Ruthie v. idioms

Yesterday’s One Big Happy has Ruthie coping with idiomaticity:

The whole idiom here is (be) out of sorts (with two somewhat different senses), and Ruthie understands something of its meaning as a whole, but she’s also trying to understand it as to some extent compositional, with the parts out of and a noun sorts (whatever that refers to). There are several possible senses for out of; the one Ruthie’s fixed on is an opposite of in (but there’s at least one other sense she might have gone for).

NOAD2 gives two senses for out of sorts:

slightly unwell: feeling nauseous and generally out of sorts

in low spirits; irritable: the trying events of the day had put him out of sorts

What Ruthie’s grandfather intended by saying she was out of sorts, and what Ruthie understood him as saying, seems to have been the ‘in low spirits’ sense. However, Ruthie is now in good spirits, great high spiirits in fact.

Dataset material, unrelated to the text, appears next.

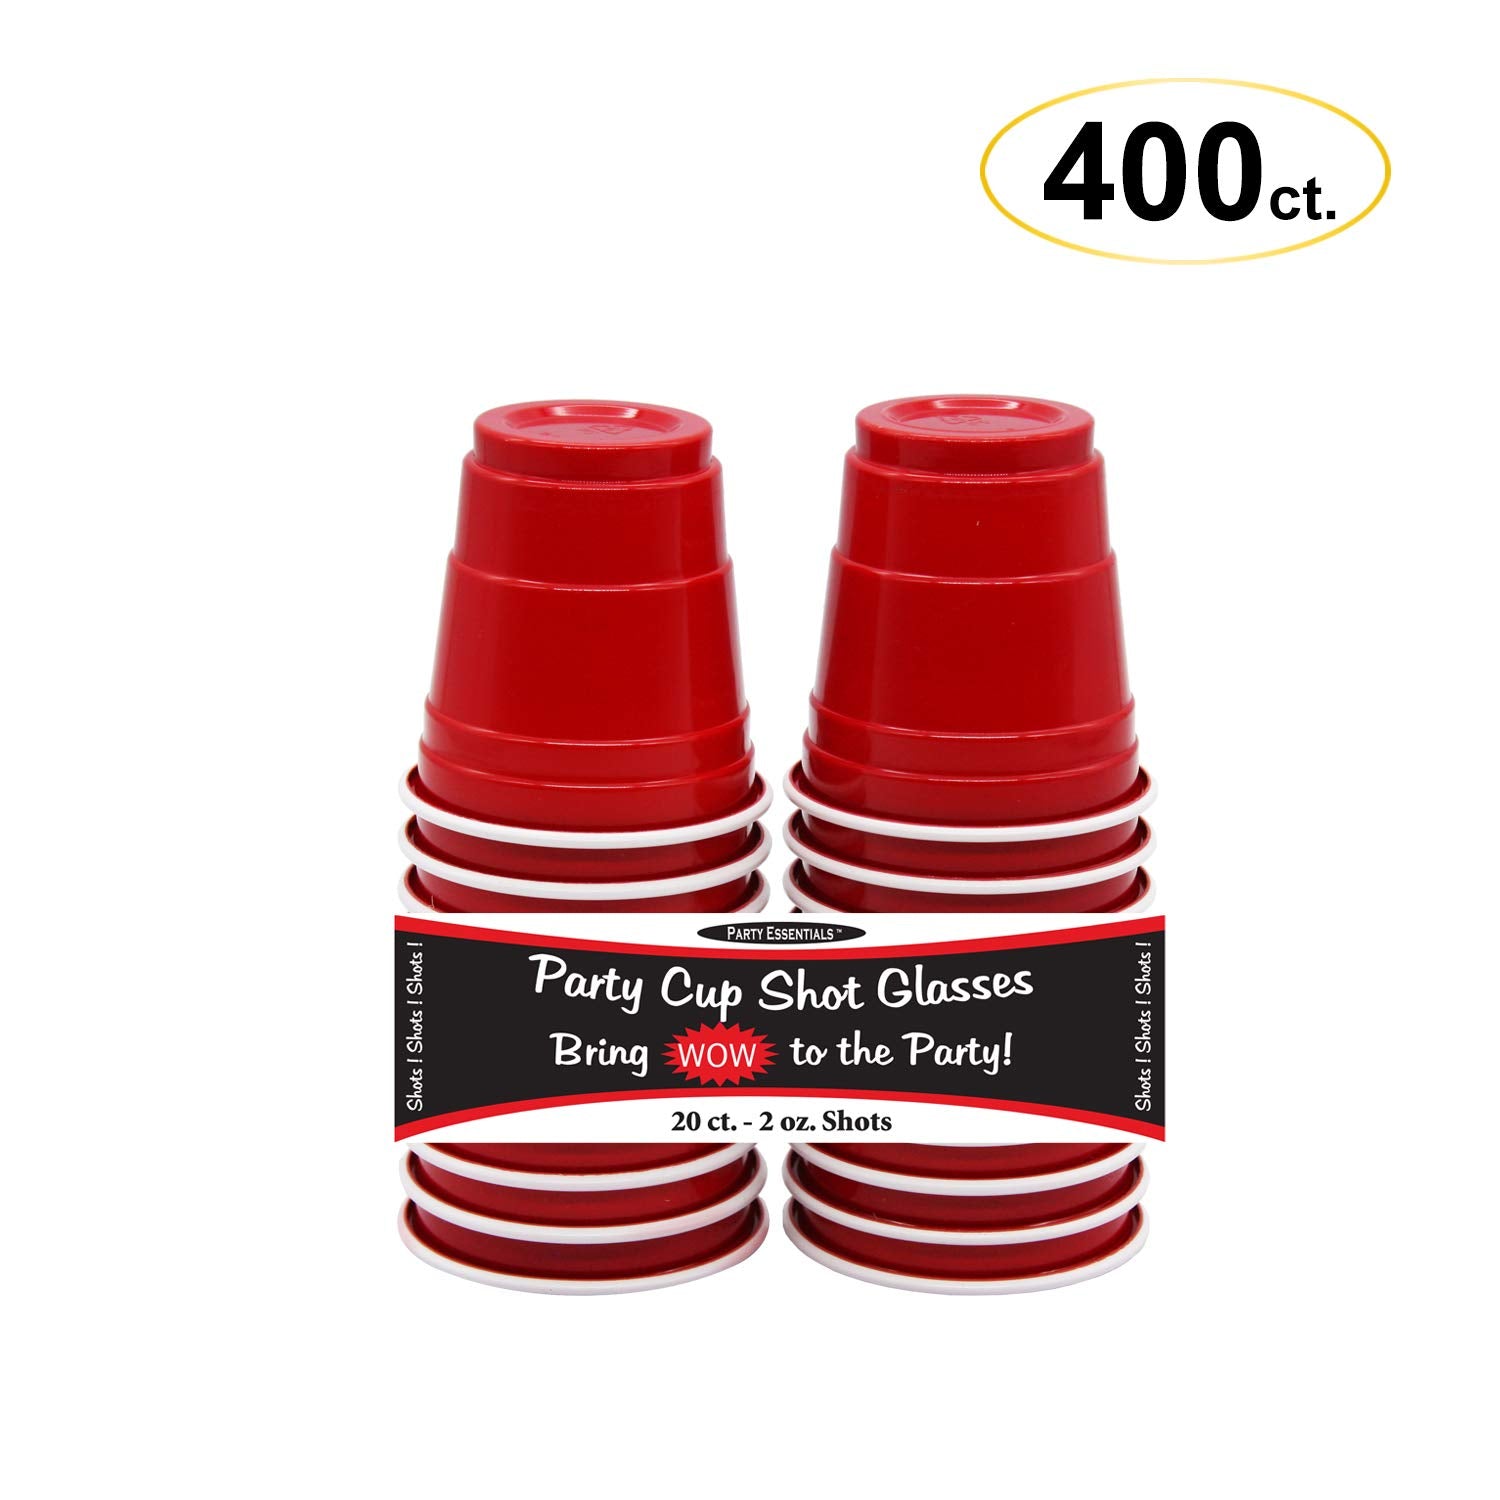 Poly Party Cup Counter Display 24ct

Ruthie understood the out of in out of sorts to be, roughly, not in (with the further nuance that being in is the expected state). Saying that someone is out of the office is saying that they’re not (now) in the office, though they would be expected to be in the office, implicating that they were in the office earlier (and will be back in the office in the future). Similarly, saying that someone is walking around the house out of their clothes is saying that they’re not (now) in their clothes (that is, not wearing them), though they would be expected to be in their clothes, implicating that they were wearing their clothes earlier, and that they’ll put their clothes back on in the future. Notice Ruthie’s back in the last panel.

Another possible out of would have been this one from NOAD2:

out of not having  [more accurately: no longer having] (a particular thing): they had run out of cash

(Or simply: They were out of cash. They had cash before, but don’t have it now.)

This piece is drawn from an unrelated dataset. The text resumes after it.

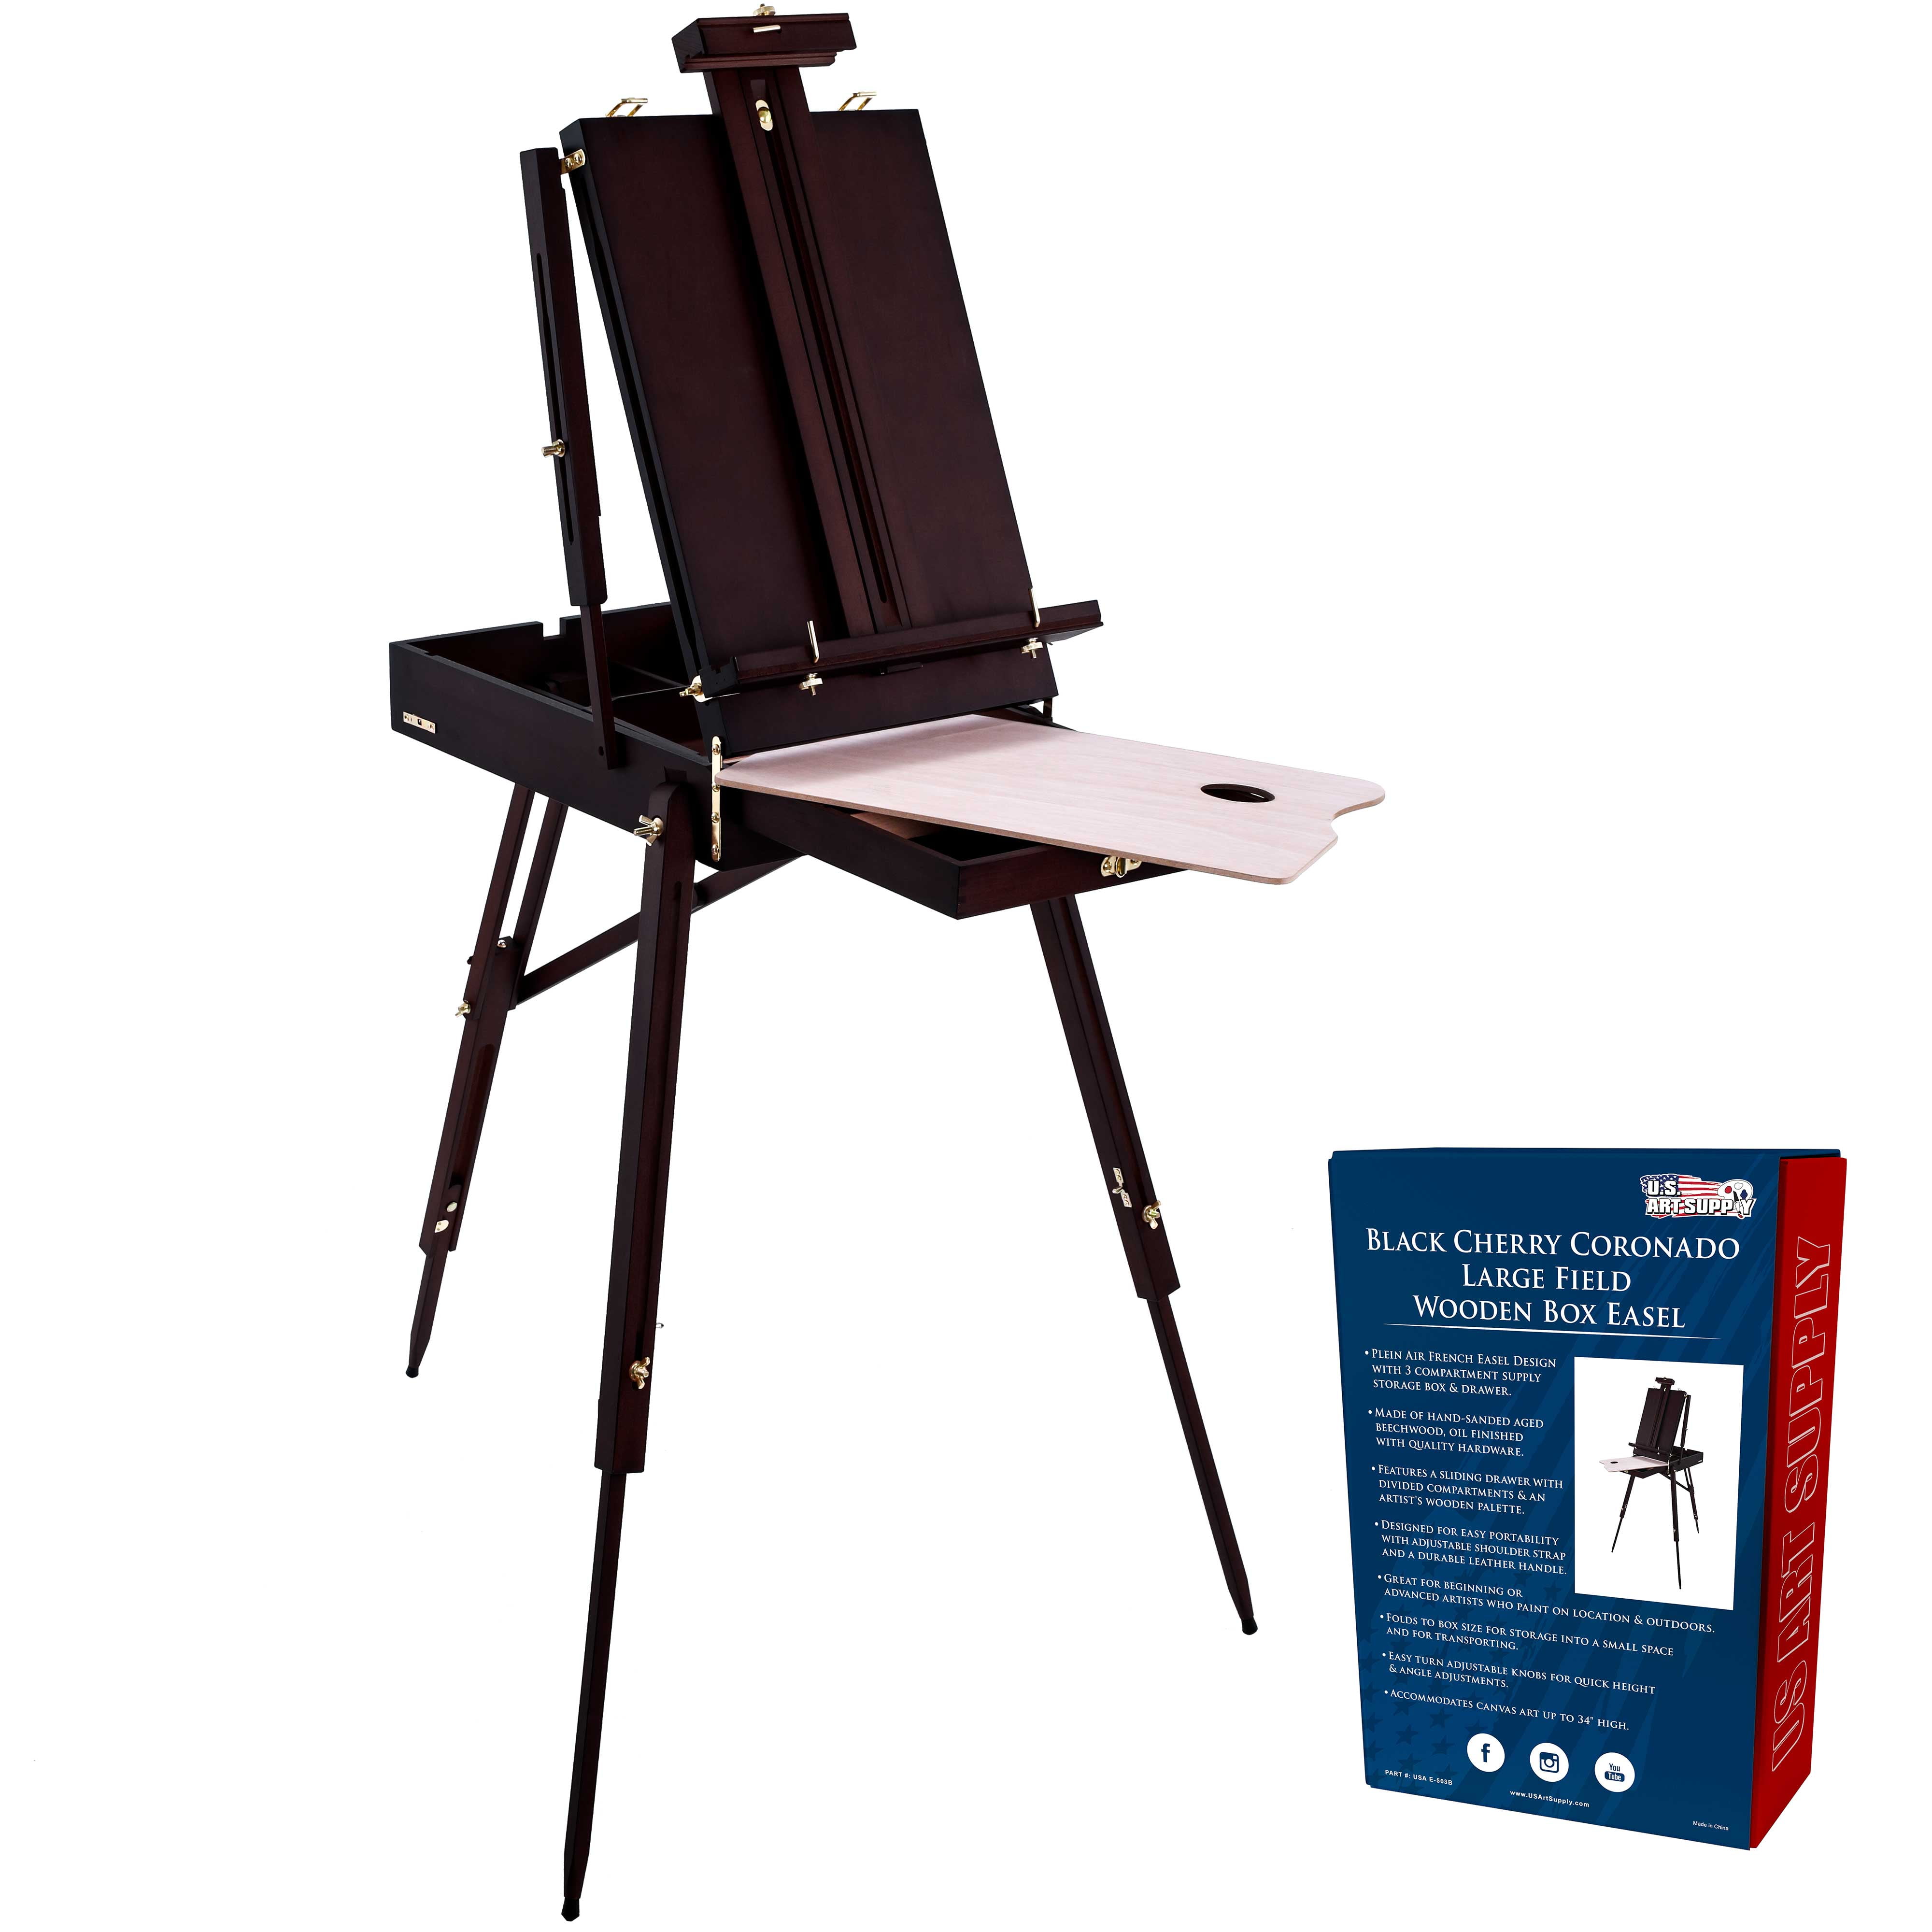 DESIGN DELIGHTS WOODEN SKETCH EASEL field easel for stretched artist canvas 180cm ready for use

If Ruthie had gotten this interpretation, she wouldn’t have said ” I‘m back in ’em” in the last panel, but rather “I have ’em back/again”.

But where, you ask, does out of sorts come from? Michael Quinion looked at the question in a 4/8/00 column on his World Wide Words site, where he had to chop his way through two initially plausible but indefensible origin stories:

Q: From Ron Vaughn: Where does the expression out of sorts come from? What are sorts in this context? My wife accuses me of this malady and I know what she means, but I don’t know why I know.

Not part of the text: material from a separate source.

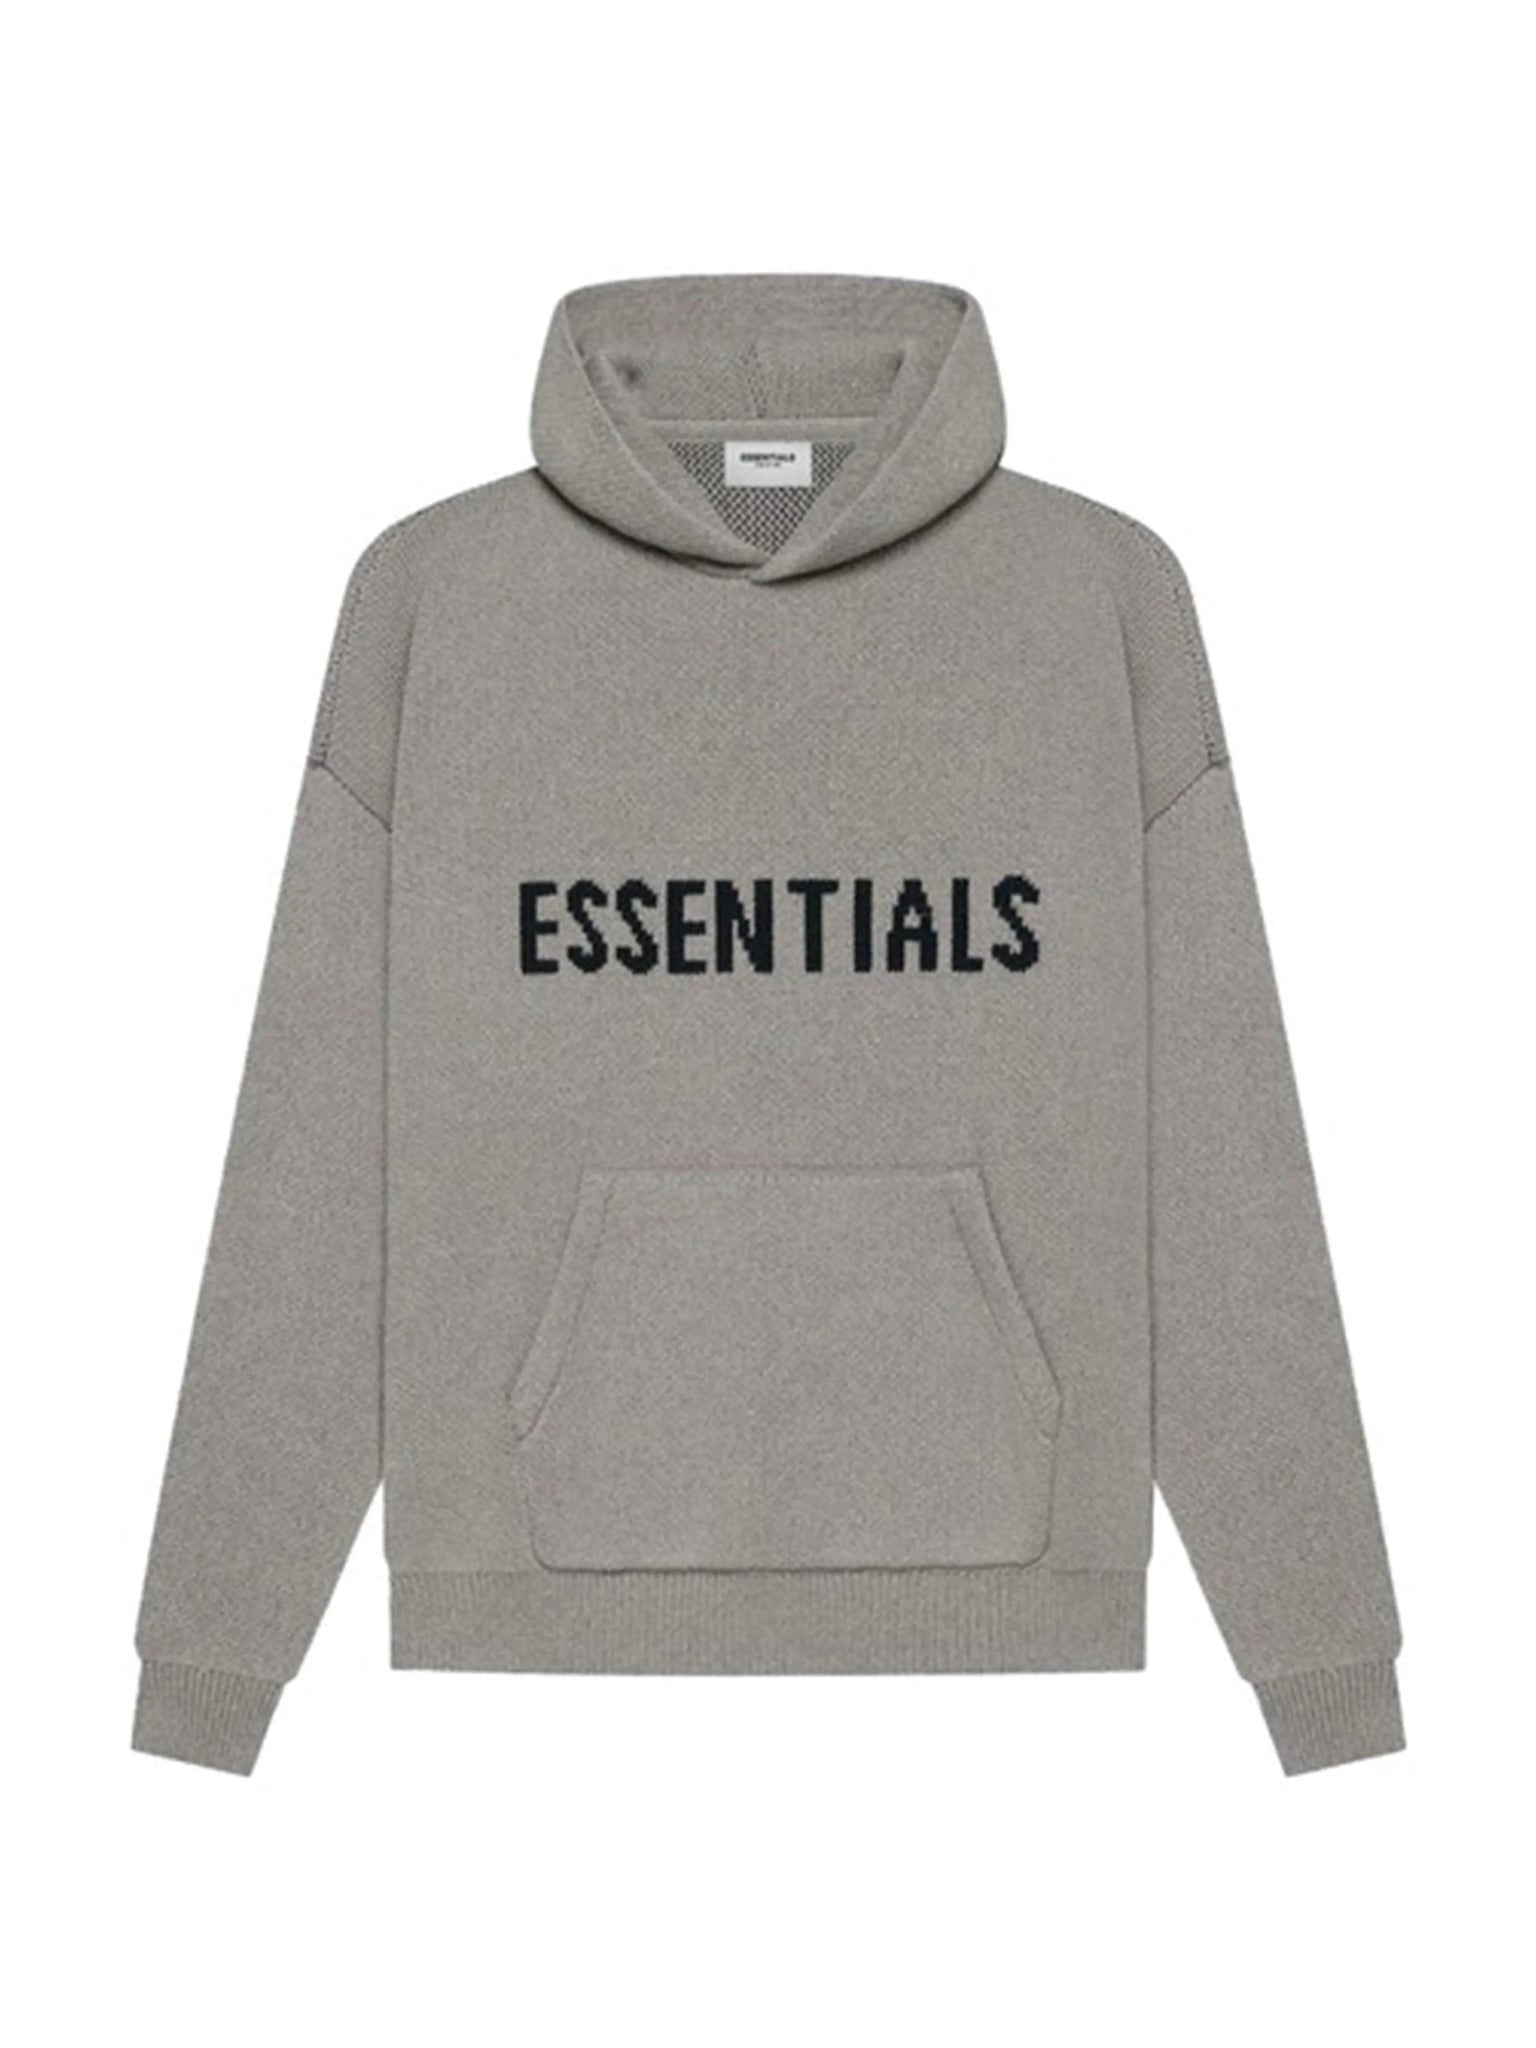 Fear Of God Essentials Knit Pullover Hoodie Dark Heather Oatmeal [SS21] Prior

A: English idioms are often extremely puzzling and their origins are notoriously difficult to track down. So people invent all kinds of yarns to make sense of them.

The most common story about this phrase refers to the printer’s word sorts for the individual metal characters in his boxes of type, so called because they have been arranged, each into its own compartment, with all of one kind together. It would obviously be a substantial inconvenience if a printer were to run out of a sort during composition. The problem with this story is that the figurative expression out of sorts is recorded much earlier than the printers’ term; the first recorded use of it for printers’ type in the big Oxford English Dictionary is from as late as 1784, from Benjamin Franklin: “The founts, too, must be very scanty, or strangely out of sorts”. It would seem he was attaching an already well-known idiom to the printer’s trade, not the other way around.

A second idea is that it has something to do with playing cards. A pack that hasn’t been shuffled is said to be out of sort and not suitable for playing with. The problem with this is that the OED doesn’t give any example of its being used in this connection, which it surely would if the expression had been common.

The Latin original of our word sort was applied to a piece of wood that was used for drawing lots. Later, still in Latin, it developed into the idea of one’s fate, fortune or condition. This was the first meaning of sort in English, in the thirteenth century. It survived until shortly after Shakespeare’s time, until about the point that out of sorts is first found. But sort soon evolved another meaning in English that related to rank, order, or class. It was used to describe people, especially their qualities or standing. There were once phrases such as of sort that implied high quality or rank. Others that we still use today, such as of your own sort, the right sort, or of all sorts, evolved out of the same idea.

It would seem out of sorts developed from this idea of quality (lack of it in this case), perhaps influenced by the other meaning of fate or one’s lot in life, so implying that fortune wasn’t smiling on one, or that all wasn’t well.

Note that there’s still some speculation here, but it’s speculation based on known pieces of history.